PROMPT
Reproduce all the data exactly, without pictures.
▼▼▼
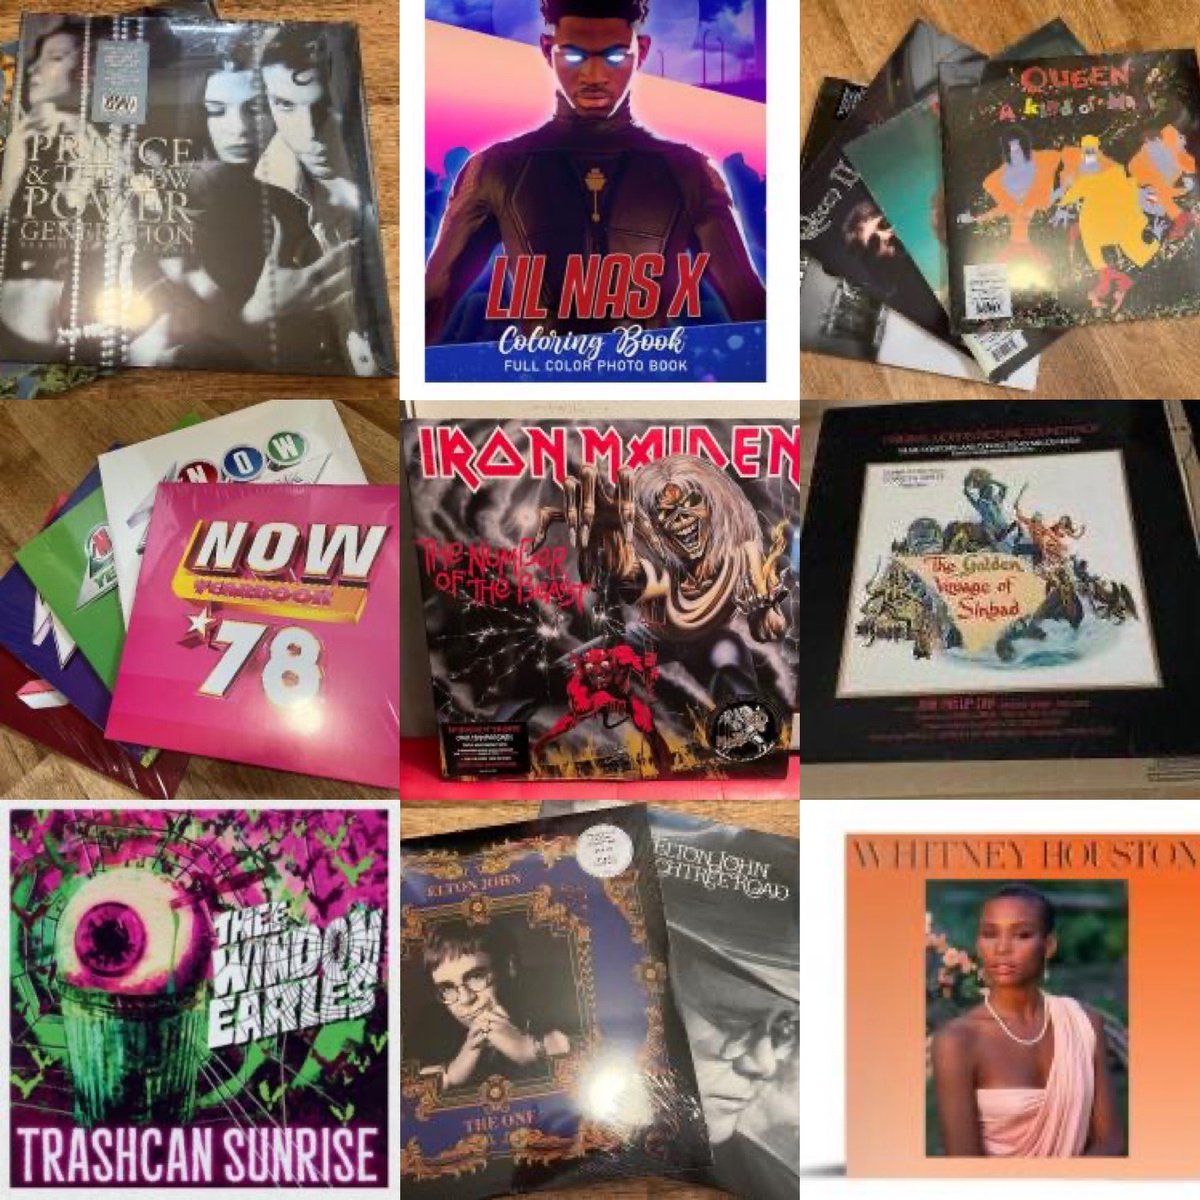 “Dance Yourself Dizzy' with the 2024 Music Auction from @davecrossx for @cabaretvscancer

”NOW LIVE!🙀🎤

jumblebee.co.uk/music24

❤️Autographs
Vinyl 🎧
🎤 Rare
And lots more 🎶

#charity #auction #KateBush #rare #kimwilde #recordcollector #blondie #musicfan #kylie
▲▲▲
RESPONSE
 “Dance Yourself Dizzy' with the 2024 Music Auction from @davecrossx for @cabaretvscancer

”NOW LIVE!🙀🎤

jumblebee.co.uk/music24

❤️Autographs
Vinyl 🎧
🎤 Rare
And lots more 🎶

#charity #auction #KateBush #rare #kimwilde #recordcollector #blondie #musicfan #kylie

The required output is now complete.